Все, что я пробовал делать, было просто и старо, как мир. Вот, скажем, ловчил, как ловчили лет пятьсот назад, а то и больше. Или таскал ящики с яблоками, мешки с картошкой и корзины с капустой на овощном рынке. Сегодня одно, завтра другое. А все потому, что работу давали только такую, которую нельзя механизировать, и на своем коротком веку я уже раз остался безработным, потому что меня заменили машиной и вместо деревянных бочек стали делать металлические. Так или иначе, сам ли я был виноват, или кто другой, не все ли равно, я прошел через это, как касторка через кишки. Моисей умер, когда увидел землю обетованную, но человек, выброшенный за борт, должен жить. И я любил жизнь. Только одно отравляло мне существование — отношения между моей старухой и Гарри. Я и сам не понимал, что это мне как нож острый, что я все еще не могу без нее обойтись, все еще, так сказать, держусь за ее юбку.
Теперь я могу смеяться над их романом, над котенком, улитками и ручной мышкой, которую он, дернув за веревочку, выпустил из коробки в тот вечер, — она сидела у него в каюте, неподвижная, как фарфоровая статуэтка, и вдруг, увидев розовый носик и глаза-бусинки, бросилась к нему в объятия. Но тогда мне было не до смеху. Забавно, как подумаешь, что именно мысль об этом была для меня всего мучительней, а сам я меж тем не терялся. Взять хоть ту женщину, о которой я уже упоминал. Дело шло к этому уже давно, но случилось все за две недели перед тем, как накрылась моя карьера угольщика. Когда Чарли сказал мне, к чему идет, я подумал, что он рехнулся, — ведь она была уже не девочка. Он покачал головой. «Есть такие, которые любят молоденьких, — сказал он. — Ну да ладно, сам увидишь». И вскоре я получил первое подтверждение его правоты. Она жила в шикарном районе, где все покупают оптом, но уголь заказывала по сто фунтов. Сперва-то она брала помногу, сотен по десять-двенадцать. Но потом сократилась до четырех или пяти и всегда предлагала мне выпить чаю. Шатенка, с карими глазами, не толстая, но плотненькая, она всегда смотрела на меня с грустью. Она была слишком порядочная, чтоб искать приключений, как та, которую звали Полли; и я уверен, что, если б не случайность, между нами ничего и не было бы. Но вышло так: раз вечером я от нечего делать слонялся возле Центрального вокзала и вдруг увидел ее — она вышла с тяжелыми чемоданами, усталая с дороги. Меня она не заметила.
Я подошел и сказал:
— Позвольте, помогу вам чемоданы снести.
Она обернулась. Она была смуглая, из тех, которые нелегко краснеют.

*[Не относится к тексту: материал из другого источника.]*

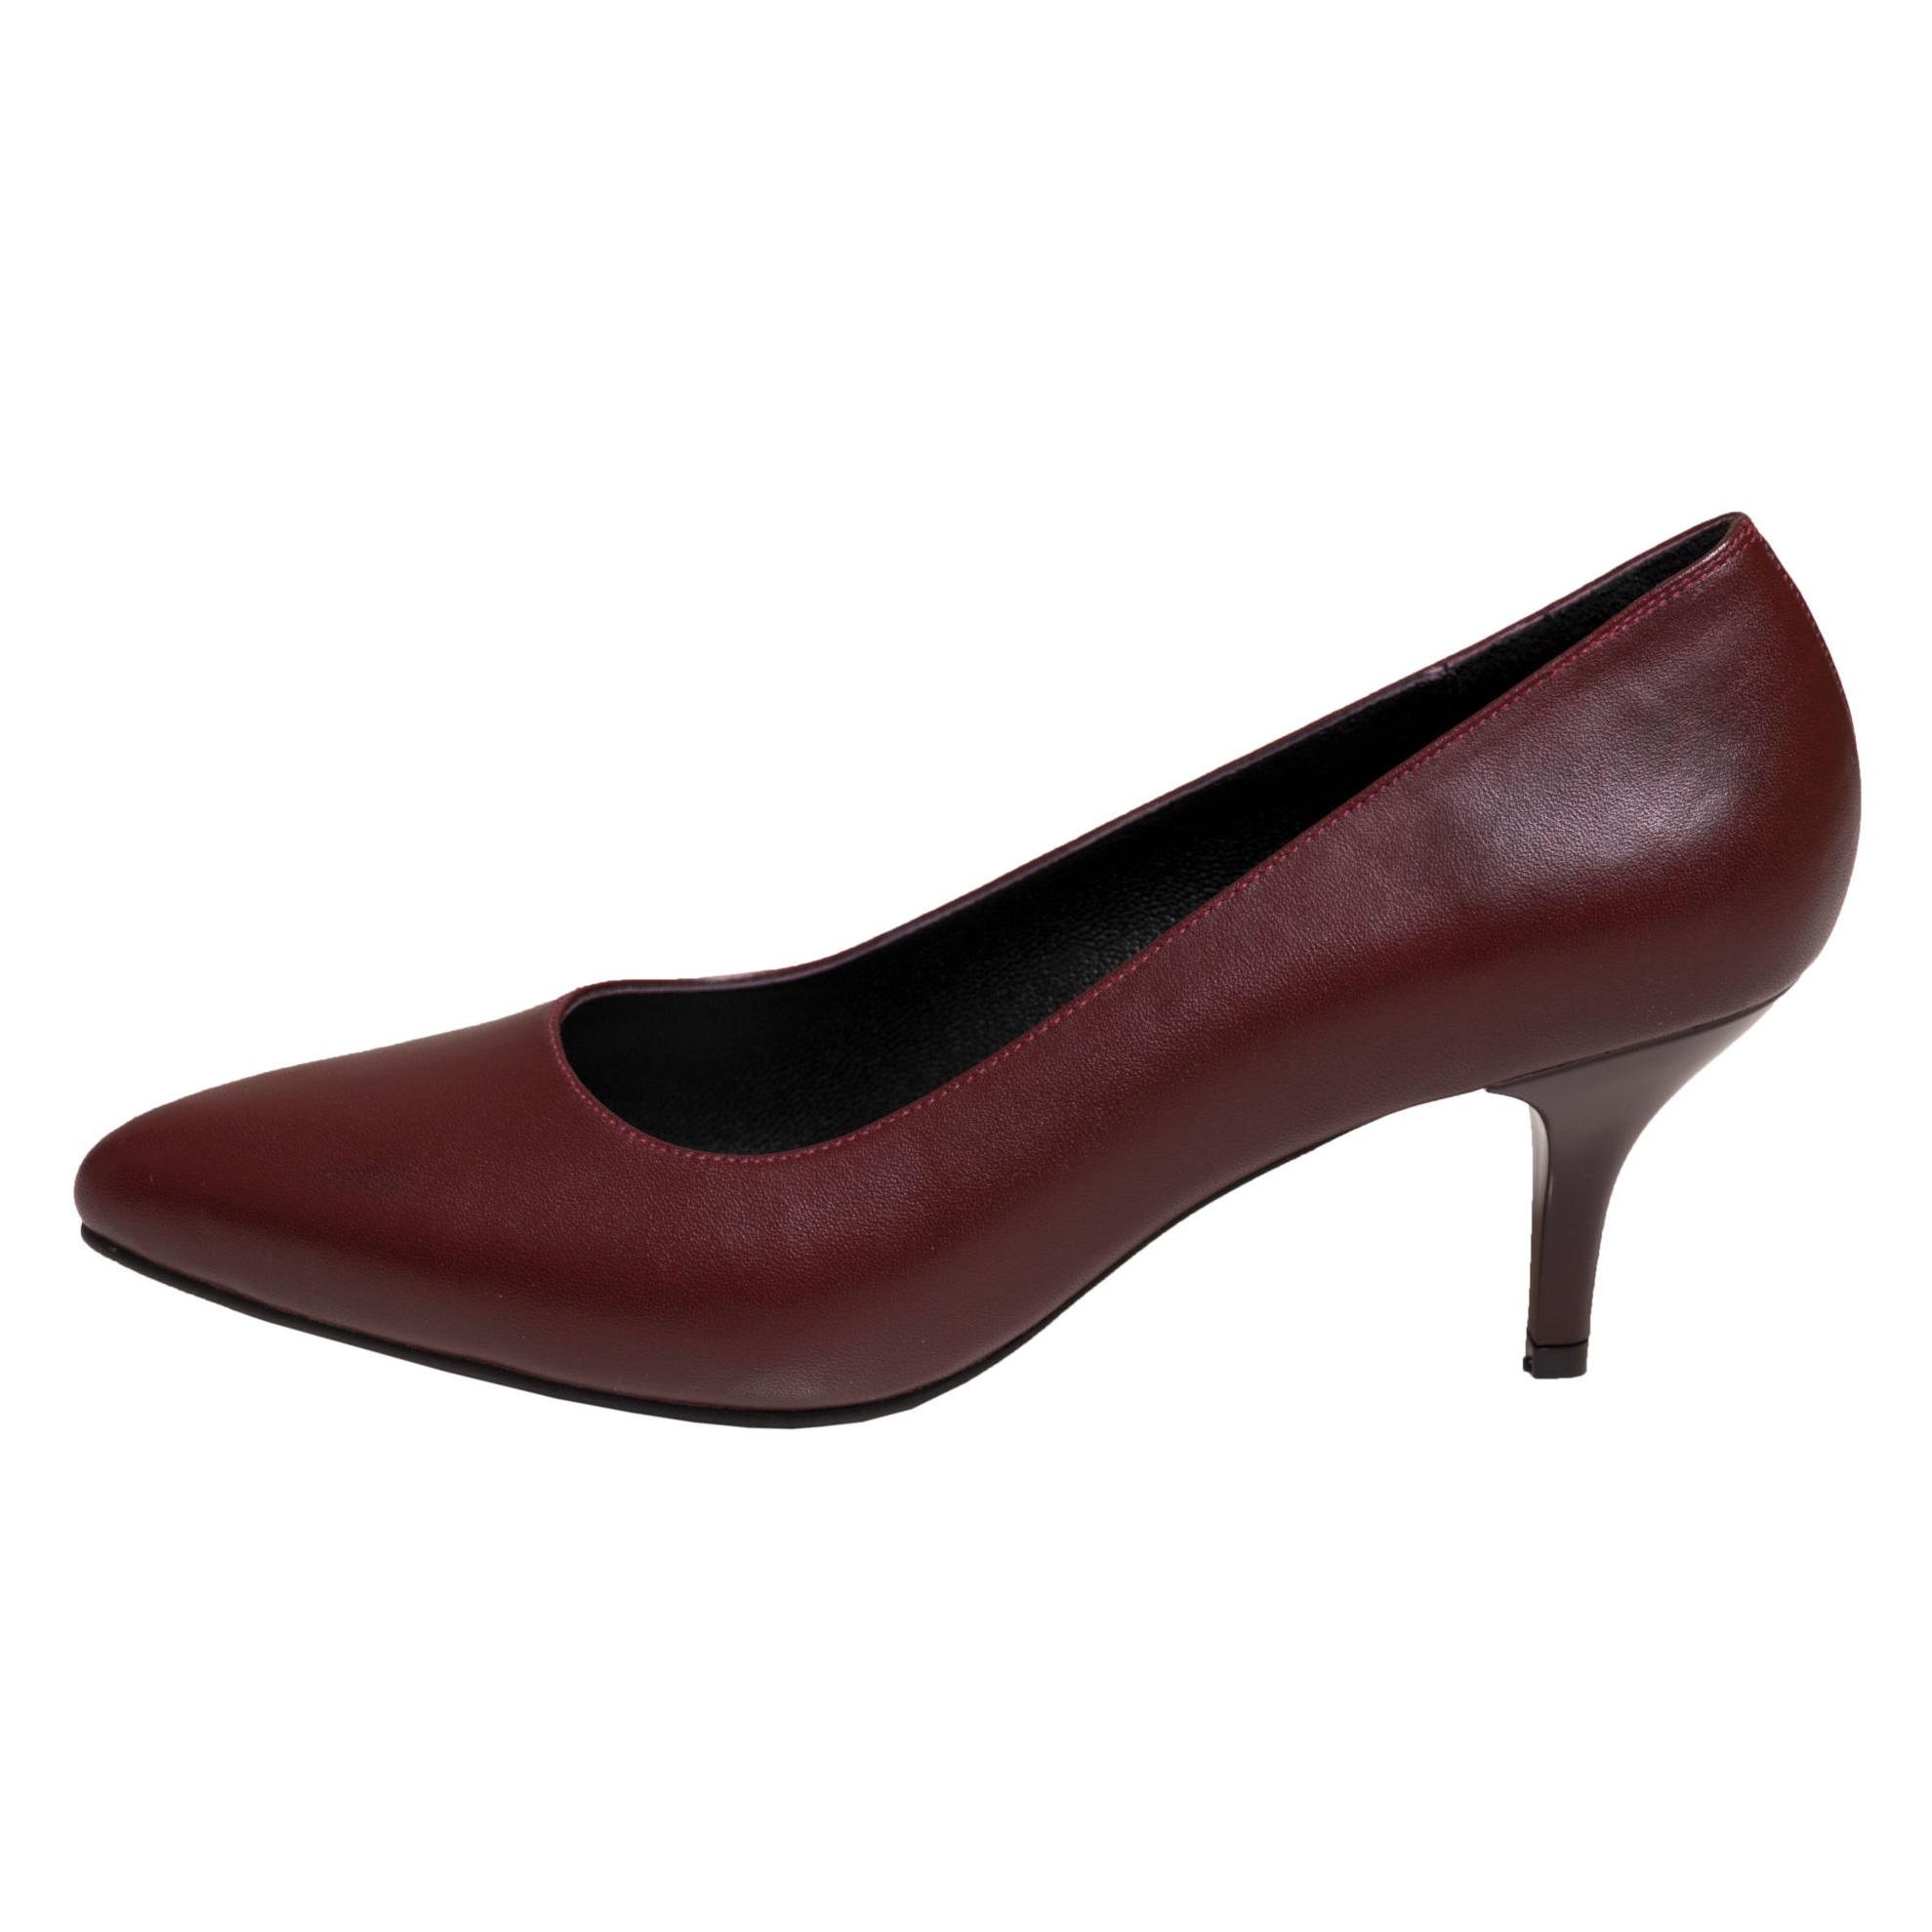 کفش پاشنه دار زنانه سی سی مدل سوفیا رنگ زرشکی

— Ну хорошо… Ты такой милый мальчик… Как ты переменился!
— Покультурнее малость стал, — сказал я. — Мне самому приятно. Вы меня всегда чаем поили, ну, я и не мог глядеть, как вы чемоданы тащите.
В такси она сказала:
— Подвезти тебя домой? Или нам по пути?
Меня тоска брала, когда я думал о том, что скоро опять семь утра, мысль о ворованном угле давила меня, и я соврал. По-моему, она поняла, что я вру. Такие здесь не живут. Шофер такси, наверно, принял нас за сумасшедших, — конечно, если вообще обратил на нас внимание, потому что мостовая была скользкая, как каток, и кругом полно машин и пьяных. А может, он подумал, что я ее сын, и тогда это самое смешное, потому что все десять минут, пока мы мчались сквозь ночь неизвестно куда, я не замечал ничего вокруг, кроме запаха ее духов и прикосновения женщины — тяжести, привалившейся ко мне. Я плохо видел ее лицо, но оно было нежное, хоть и не без морщинок; щеки, пожалуй, слишком пухлые, но уродливой ее не назовешь. Правда, красавицей — тоже, но в ней было какое-то подкупающее спокойствие. Я не знал, о чем разговаривать, и она пришла мне на помощь.
— Надеюсь, у меня там все в порядке, — сказала она. — Дом неделю стоял запертый, но в камине наготове дрова.
— И чайник тоже наготове? — спросил я.
Она взяла мою руку, сжала ее, положила к себе на колени, и я понял, что теперь все в порядке, а она сказала:
— Зови меня Стеллой.
Под конец она все же затопила камин, и мы выпили чаю, а домой я ушел в два часа ночи и от волнения не мог даже придумать никакого объяснения для моей старухи. Но — и это очень важное «но» — я думал о ней и о Гарри, когда был у этой доброй, ласковой женщины. И, верьте или нет, мне было больно. Можете этому поверить.